After Zia's takeover in 1977, the influence of socialism and modernism started to wane and religious parties felt empowered by Zia's islamization program. They began to recruit workers and volunteers. In February 1978, Ali Basti, a Shia neighborhood in Karachi, was attacked by a Deobandi mob and 5 men were killed. Next Muharram, in 1978, Azadari processions were attacked in Lahore and Karachi leaving 22 Shias dead. After Soviet Union invaded Afghanistan in 1979, the country became a safe haven for Shia phobic militants. They could now train in the name of Afghan Jihad, kill Shias and go to Afghanistan in hiding. The number of hate crimes against the Shias increased.

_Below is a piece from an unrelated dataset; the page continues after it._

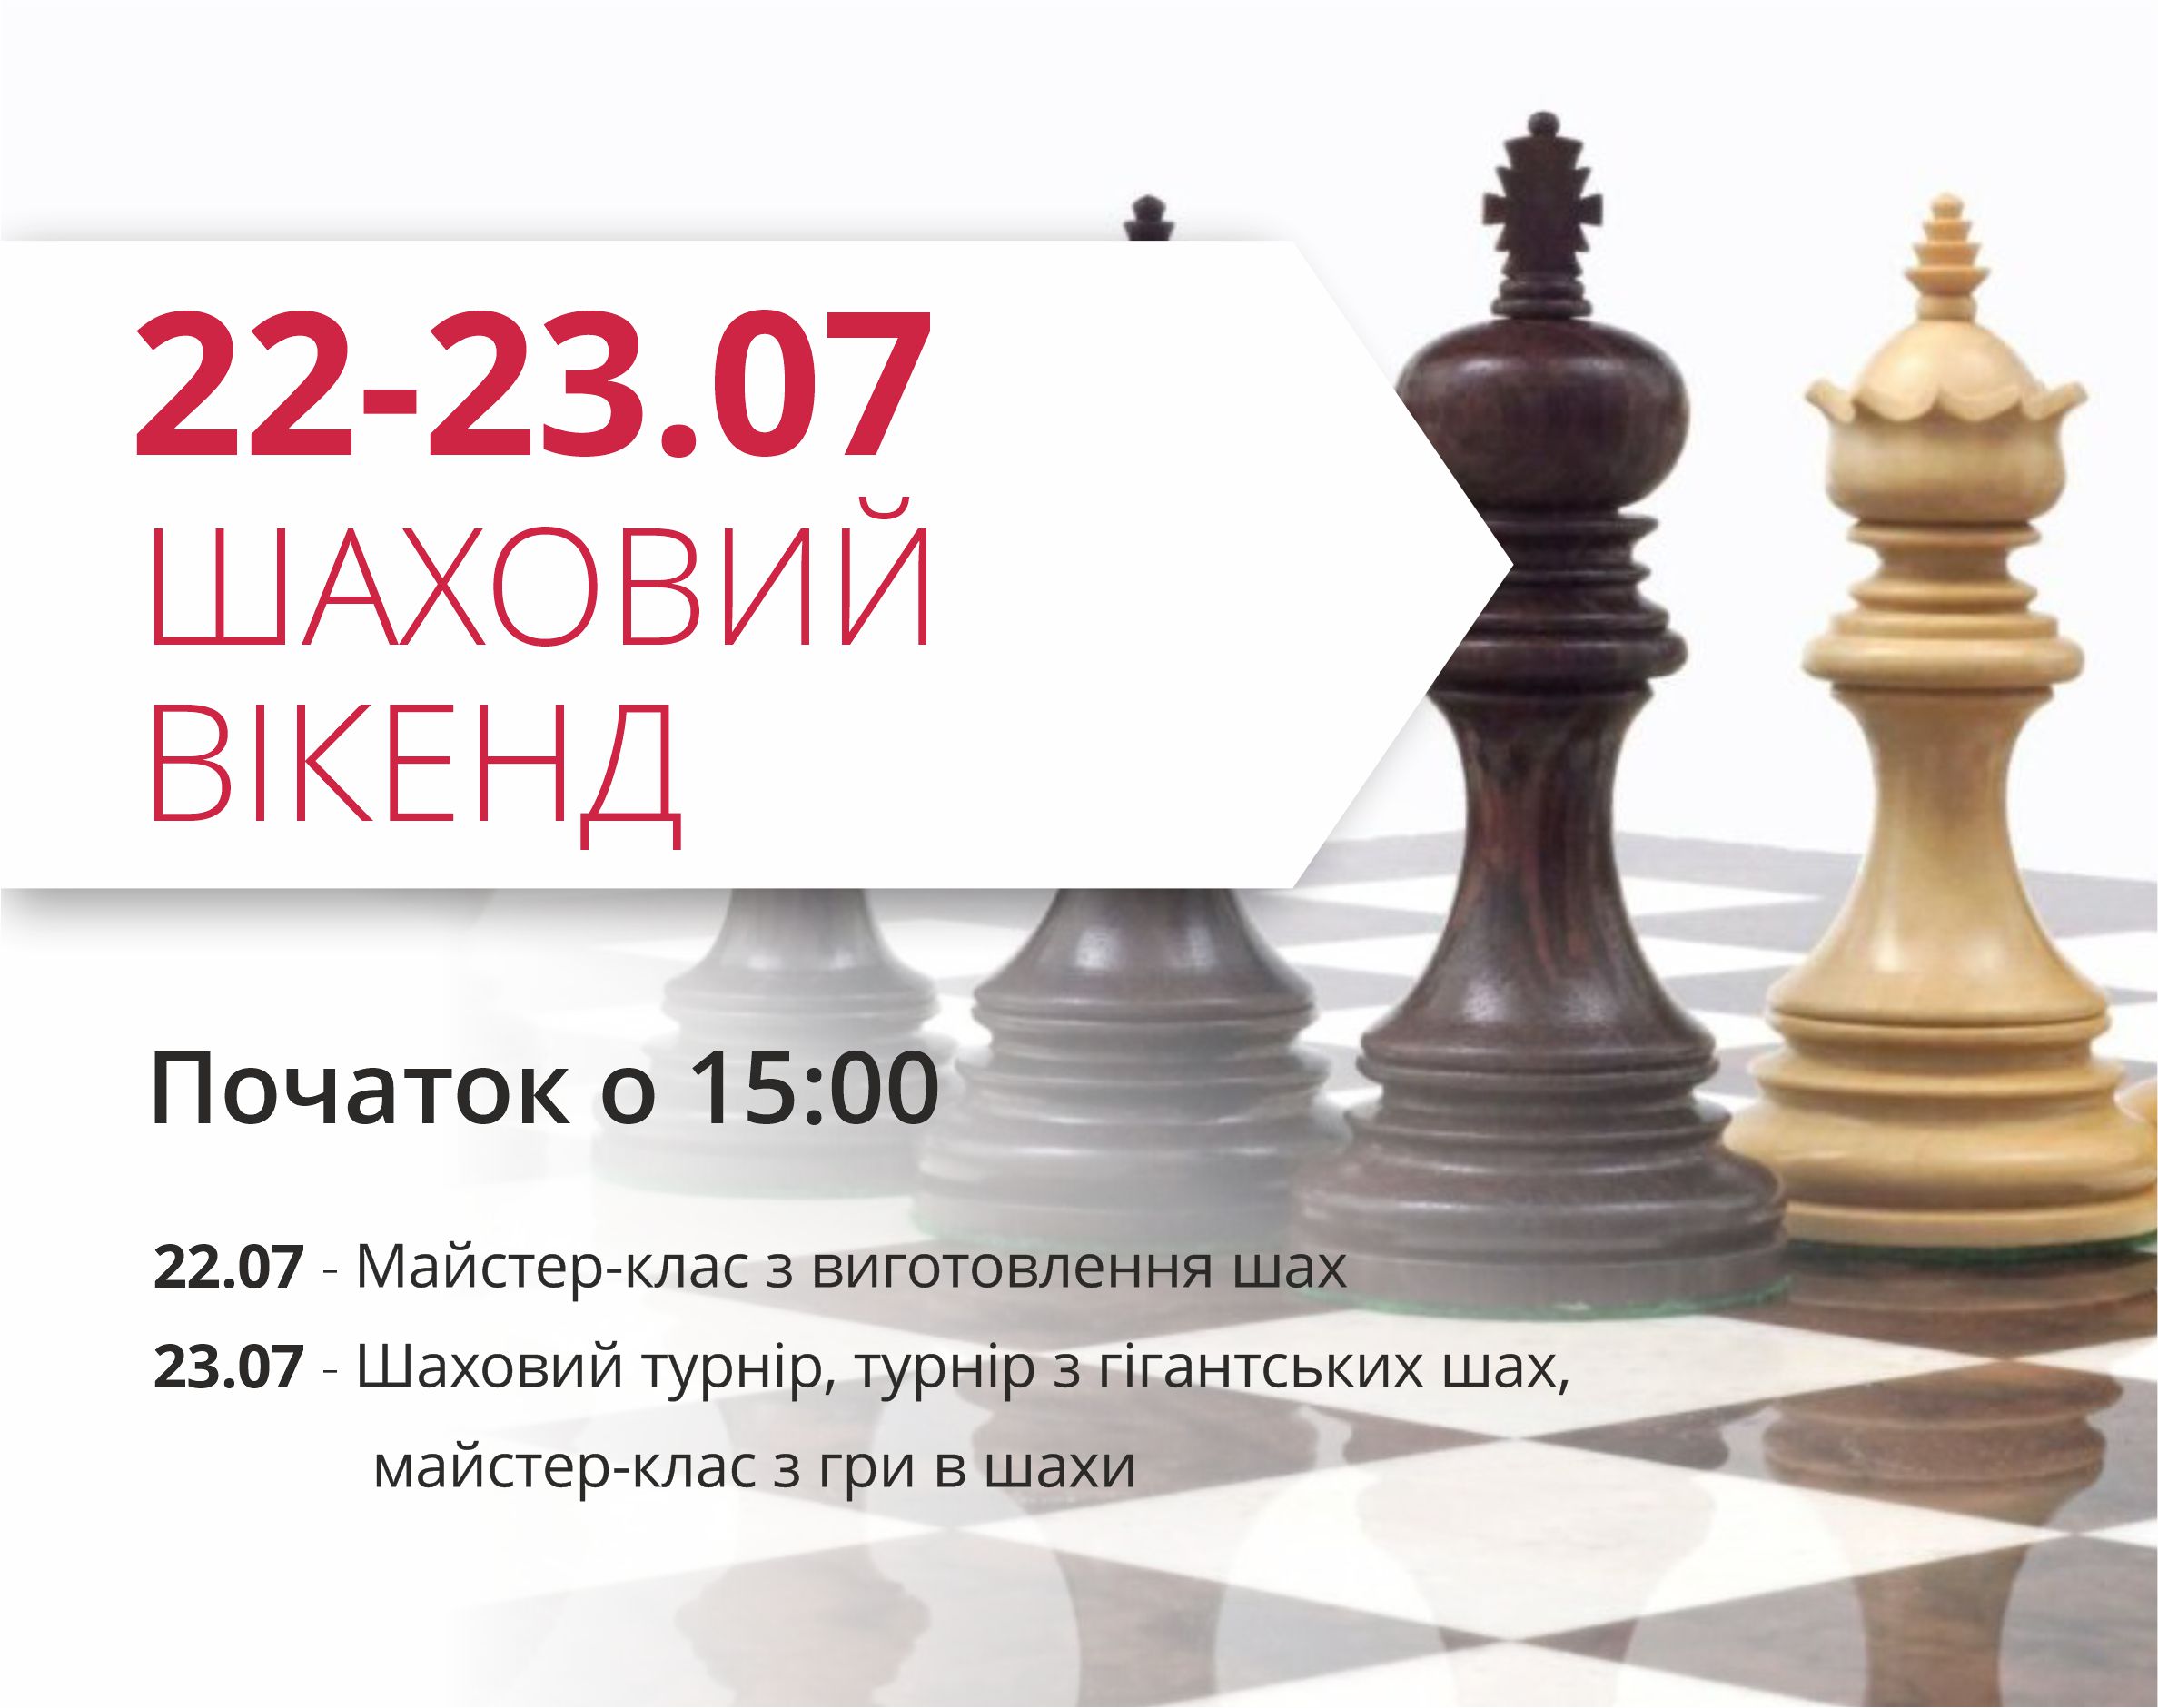 Приглашаем на шахматный уикенд!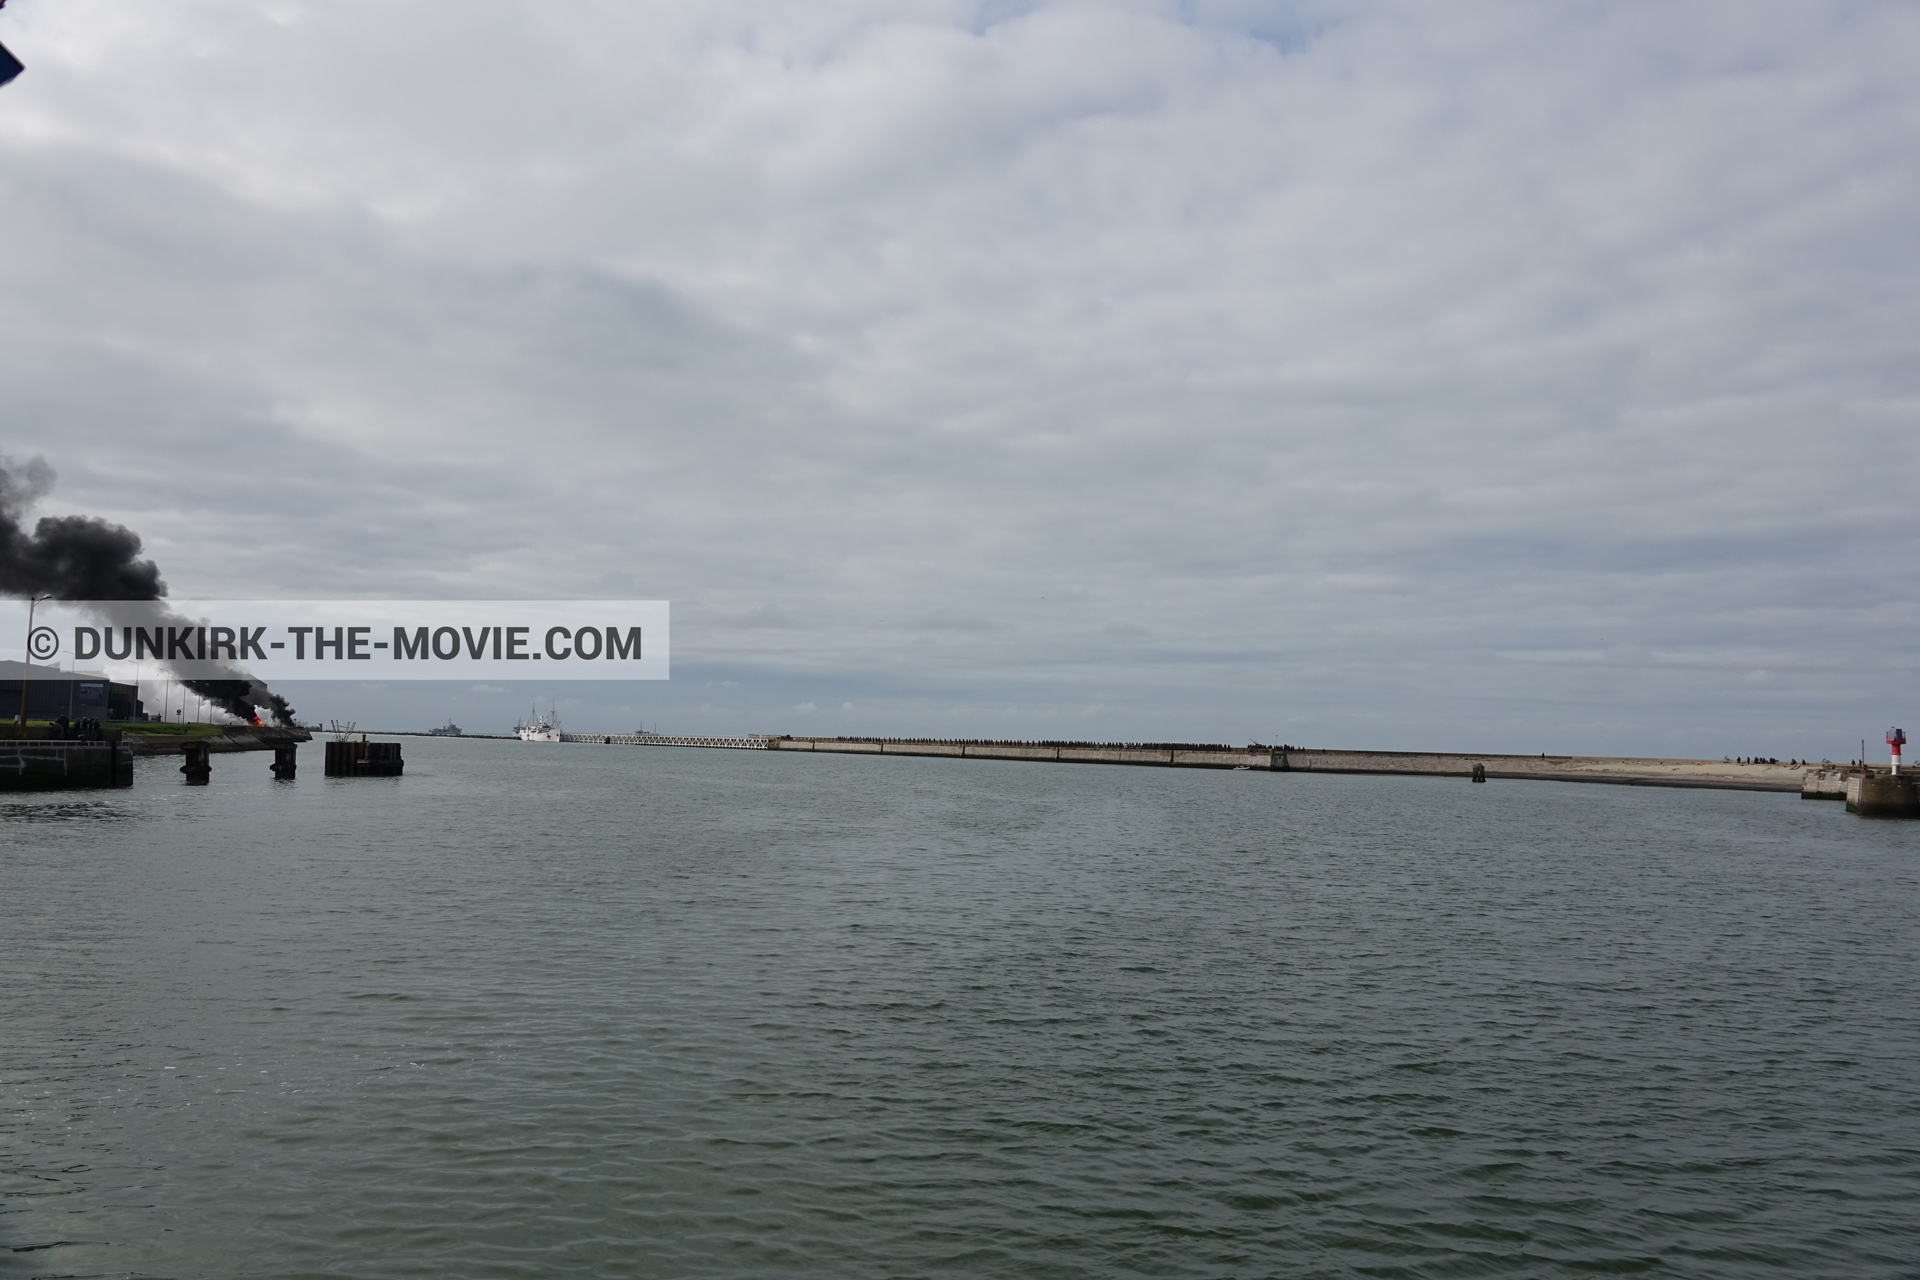 Fotos con humo negro, muelle del ESTE, mares calma,  durante el rodaje de la película Dunkerque de Nolan

During Muharram 1980, the Afghan Refugees settled near Parachinar attacked Shia villages and in 1981, they expelled Shias from Sada. At that time, Kurram Militia was employed in Kurram Agency and they successfully contained this violence. In 1983, Shias neighbourhoods of Karachi were attacked on Eid Milad-un-Nabi. 94 houses were set on fire, 10 Shias were killed. On Muharram 1983, there were again attacks on Shias in Karachi. On 6 July 1985, police opened fire on a Shia demonstration in Quetta, killing 17 Shias. Shias responded and 11 attackers were killed. According to police report, among the 11 attackers who died in the clash only 2 were identified as police sepoys and 9 were civilian Deobandis wearing fake police uniforms. In Muharram 1986, 7 Shias were killed in Punjab, 4 in Lahore, 3 in Layyah. In July 1987, Shias of Parachinar, who were ready to defend, were attacked by the Afghan Mujahideen again and as a result, 52 Shias and 120 attackers lost their lives. In 1988, Shia procession was banned in Dera Ismail Khan and 9 unarmed Shia civilians were shot dead while defying the ban. The government had to restore the procession. In the 1988 Gilgit Massacre, Osama bin Laden-led Sunni tribals assaulted, massacred and raped Shia civilians in Gilgit after being inducted by the Pakistan Army to quell a Shia uprising in Gilgit.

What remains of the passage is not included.